The story begins by introducing the five main characters, Karen, Rick, Luke, Rachel and Player One, who all end up in an airport cocktail bar. Karen is an almost 40, single mom who flies to meet an online date. Rick is the airport bartender, who loves Leslie Fremont, a TV motivational speaker. Luke is a fallen-out-of-faith pastor who steals all the money from the church, runs away and ends up in the airport bar. Rachel is a lab mice researcher, whose parents think she’s too much like a robot, so she goes to the airport bar to become human. And lastly, Player One is a mysterious commentator, who later is revealed to readers.
At the bar, the characters spend five hours together discussing, among other existential topics, their reaction to an ongoing global oil crisis. Through this crisis Coupland shows what the characters value as evidenced by their reactions.

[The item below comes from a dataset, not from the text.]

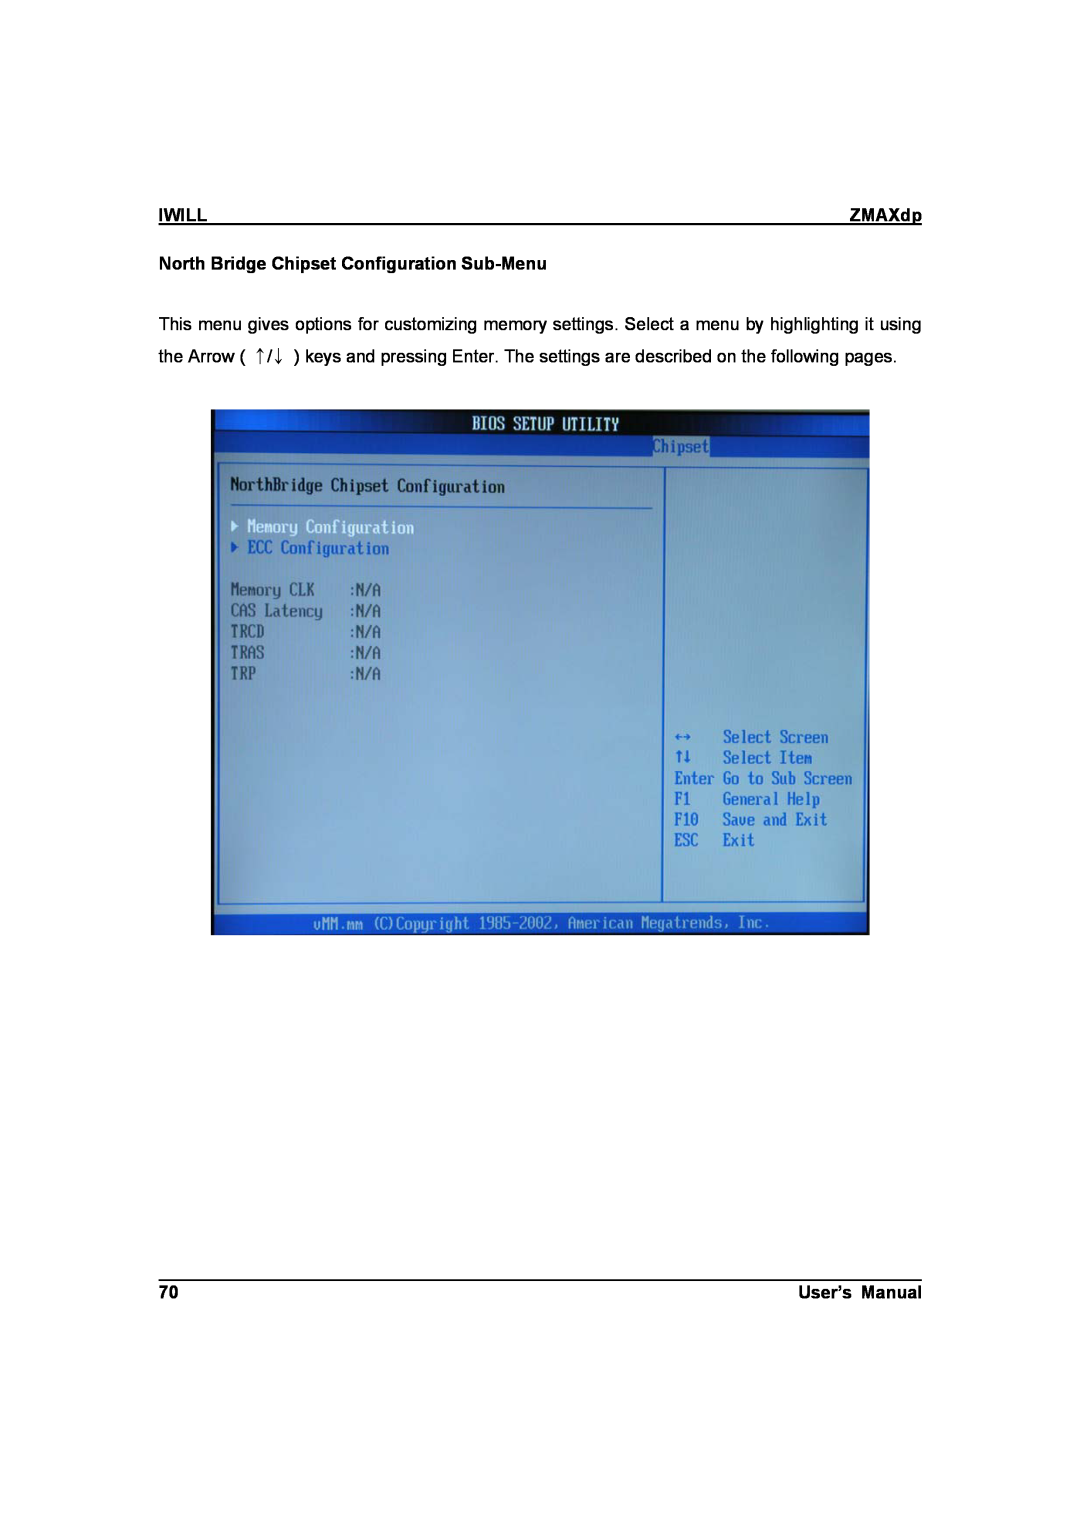 IBM ZMAXdp user manual Iwill, North Bridge Chipset Configuration Sub-Menu, User’s Manual

Throughout Player One Copeland explores what it means to be human – or “what is to become of us,” as Coupland puts it. Each of Coupland’s characters show humanity in a new light. Each character has sympathetic faults. Although each of his characters seem to be questioning the same issues, in a beautifully poetic way Coupland uses each character’s voice to show the beauty of the human condition.
In his novel, Coupland specifically explores the human perception of time. (It is called “a novel in five hours” for a reason!) Time plays a central role in both character development but also in the themes explored. Coupland almost uses time to make readers feel claustrophobic and hopeless. He writes:
Our curse as humans is that we are trapped in time; our curse is that we are forced to interpret life as a sequence of events – a story – and when we can’t figure out what our particular story is, we feel lost somehow.

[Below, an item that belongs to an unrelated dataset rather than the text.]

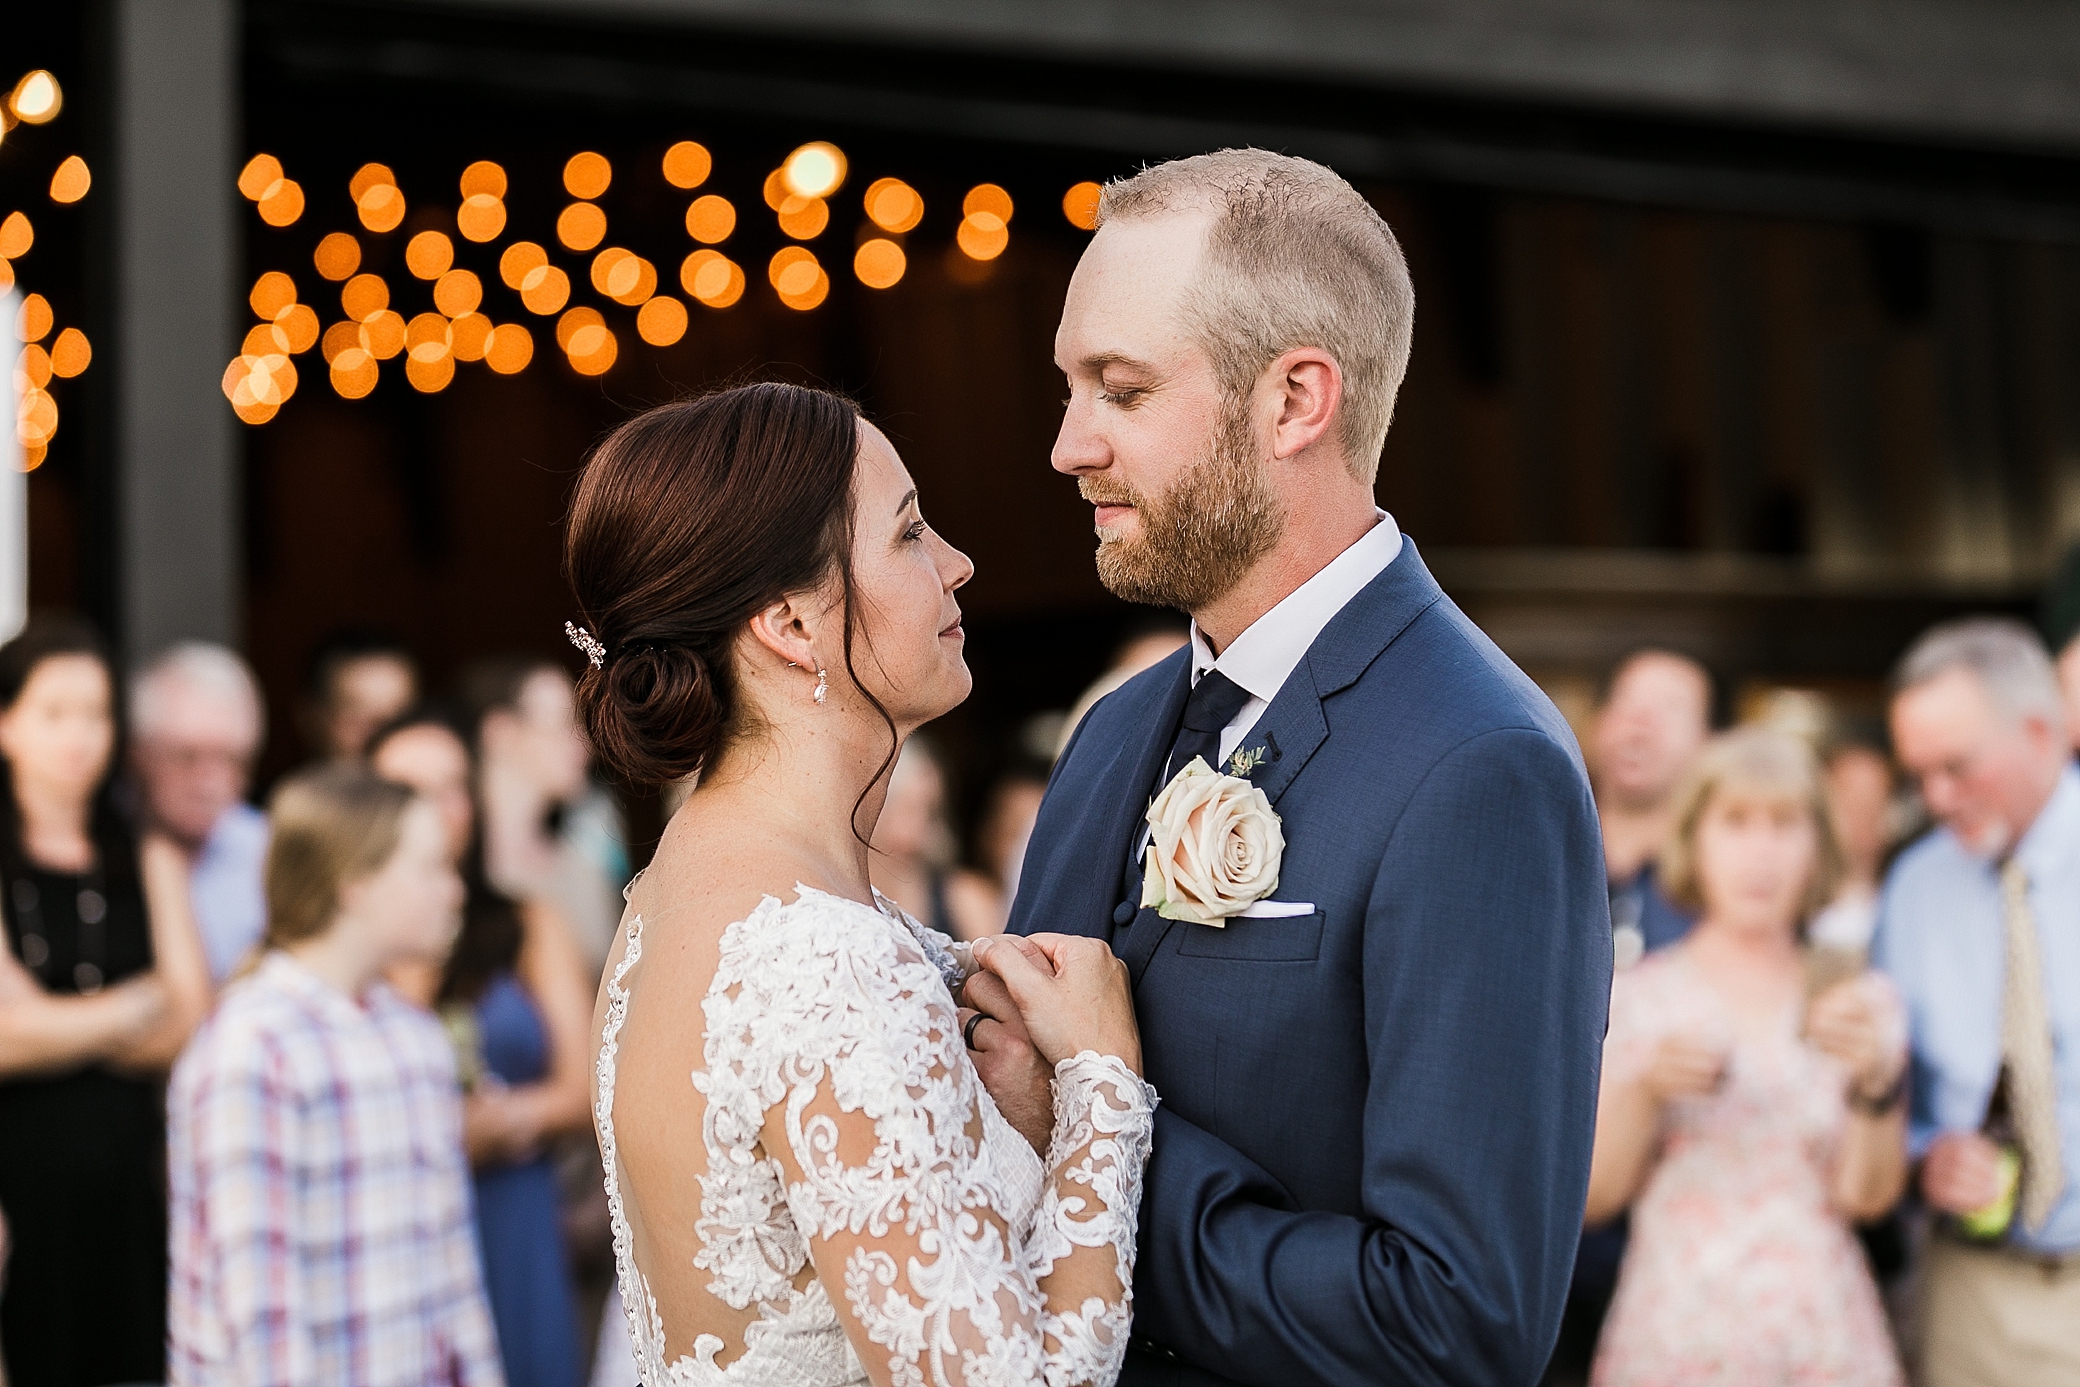 Bride and groom first dance on the MV Skansonia | Megan Montalvo Photography

Coupland writes that time is a constraint, it limits our human perception, because we can only interpret our lives from “beginning to end” we somehow lose something. He also argues that our linear time perception creates feelings of “lostness” that can make us feel a lack of purpose.
We live linearly. Whether we want to or not we cannot go either back in time or forward in time. This is just the basic human reality. Because of our linear nature, we perceive time as “a story”. (Stories are a common theme throughout Coupland’s works, especially in Generation X.) Coupland seems to say realizing our story’s true meaning and purpose is our ultimate calling. When understanding and living our lives becomes confusing, we get lost. Each one of Player One’s characters is at a turning point in their lives where the vitality of their story is questioned.

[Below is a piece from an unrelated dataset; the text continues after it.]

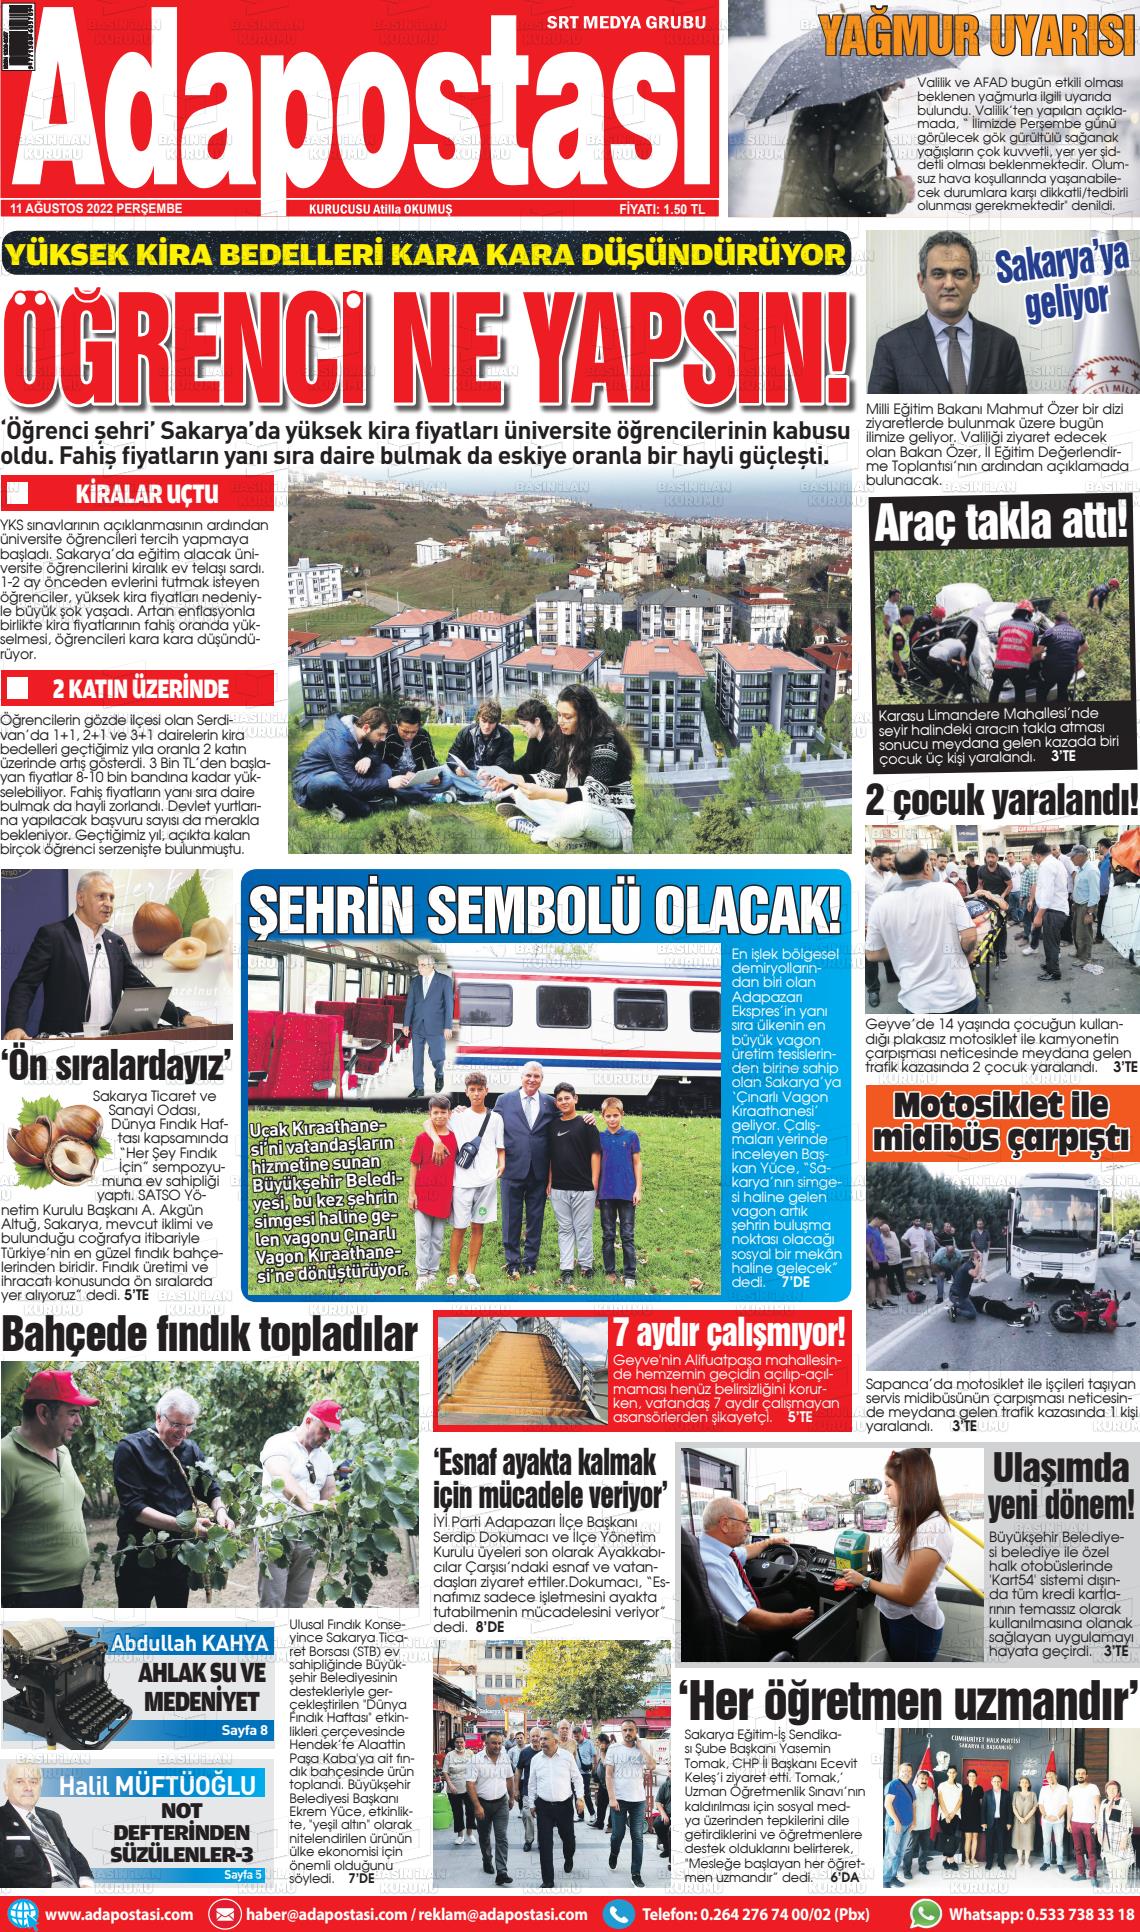 11 Ağustos 2022 Ada Postası Gazete Manşeti

Coupland again shows this idea to readers:
By the age of twenty, you know you’re not going to be a rock star. By twenty-five, you know you’re not going to be a dentist or any kind of professional. And by thirty, darkness starts moving in- you wonder if you’re ever going to be fulfilled, let alone wealthy and successful. By thirty-five, you know, basically, what you’re going to be doing for the rest of your life, and you become resigned to your fate…
As humans age, the grip and pressure of time gets tighter, until all the sudden at thirty-five a confining passivity consumes your story. Coupland uses this example of one of his character’s inner dialogue to illustrate the claustrophobia he expresses throughout the novel. However, here Coupland adds, is how most people “resign to their fate.” We get so busy trying to do all these things, but we forget to make meaning in what we already have and what we already are. Coupland shows us how we get lost, stuck in linear time. We hope and dream but ultimately we must face our fate: resign to it or learn to harness it.
But this isn’t how Coupland ends his novel. He writes, “Life need not be a story, but it does need to be an adventure”. We do not need to resign to our fate or live in the “lost”, ever-racing time. We need to reach out and hold tight to what will give us life.
The beauty of Coupland is that he can use beautifully normal characters, engaging plots to make more and more of the human experience a little more tangible, a little easier to understand. Coupland doesn’t play into dramatics, but he uses beautifully simple ways to express both realism and hope.
Lastly, Coupland challenges us all to just take five hours to sit and wonder: What will become of us?